One of the factors that limit our inquiry is our design. It is not possible to determine a causal link among the variables under study due to the cross-sectional design. Cross-sectional designs cannot determine whether the observed associations are causal or if they exist due to reverse causality, they do not capture the timing of events or changes in variables, and they do not account for the potential effects of maturation or time-related factors. Therefore, in order to get a deeper comprehension of the relationships between these factors, more studies on this subject should investigate and assess mediational frameworks using a longitudinal approach.

Another disadvantage is the multicollinear influence of using self-reporting for variable measurement. In order to reduce subjectivity and get more information about possible modifications in the parameter interactions, future research may use execution or performance methodologies instead of SEM, which was employed in this work to offset these effects.

An additional issue is the convenience sampling design. This may have resulted in a sampling bias and a non-representative sample that does not accurately reflect the larger population of nursing students or the diversity within that population, thus limiting the ability to make broader inferences or generalize the findings to other populations or settings. Further research could be done using data points from various educational institutions to generalize the findings.

Future research could involve conducting comparative studies to examine potential differences in the relationships between the variables across different contexts, educational systems, or cultural settings. This can provide valuable insights into the contextual factors that may influence the observed associations. Moreover, employing qualitative research methods, such as interviews or focus groups, can be valuable in gaining a deeper understanding of the experiences, perceptions, and contextual factors related to the variables under investigation.

Conclusion

The findings of this research show a substantial negative correlation between the participants’ motivation to learn and emotional management during clinical placement on one hand and participants’ reported stress on the other hand. Motivation to learn and reported stress were shown to be important precursors of emotional regulation. The investigation also demonstrated the critical role that motivation to learn had in regulating the relationship among felt stress and emotional regulation among student nurses, as in mitigating the negative effects of stress. Effectively enhancing learners’ motivation to learn might make them feel less stressed and more optimistic. Nurses who experience positive emotions during their education would possibly be better able to develop their abilities and become more competent nurses.

Nursing educators can use our results to develop strategies and interventions aimed at reducing stress levels among students. This may include implementing stress management programs, providing mentorship and support systems, and promoting self-care practices. In addition, our results call on nursing educators to enhance students’ intrinsic motivation for learning. Strategies such as incorporating engaging teaching methods, providing opportunities for autonomy and choice, and establishing clear learning goals can help foster students’ motivation to learn and regulate their emotions effectively.
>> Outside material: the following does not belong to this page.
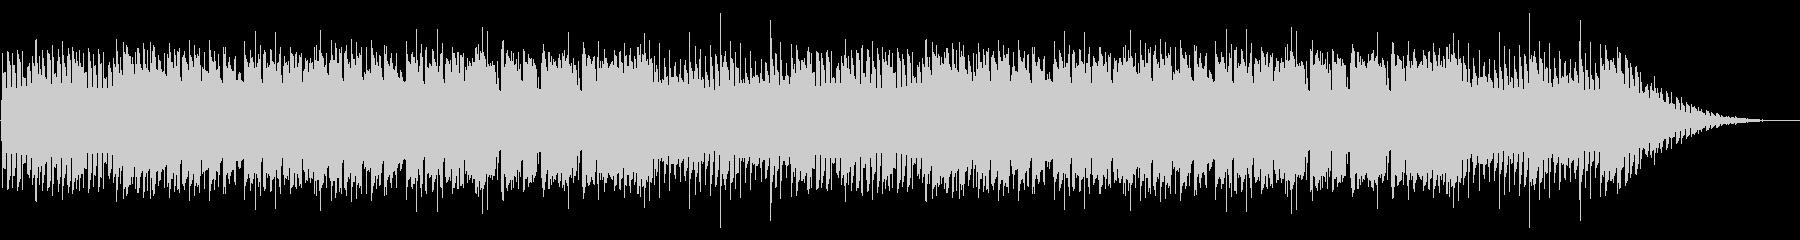 NES アクションC06-1(ステージ4の未再生の波形

Nursing leadership and policymakers can also play a crucial role in allocating resources and implementing policies that prioritize the well-being of nurses and nursing students alike. This includes advocating for adequate high-quality nursing programs, staffing levels at nursing schools and hospitals, safe work environments, and comprehensive support systems for students during their clinical practice. By recognizing the unique challenges faced by nursing students and implementing supportive policies, legislators can contribute to the overall quality of nursing education and the well-being of future healthcare professionals.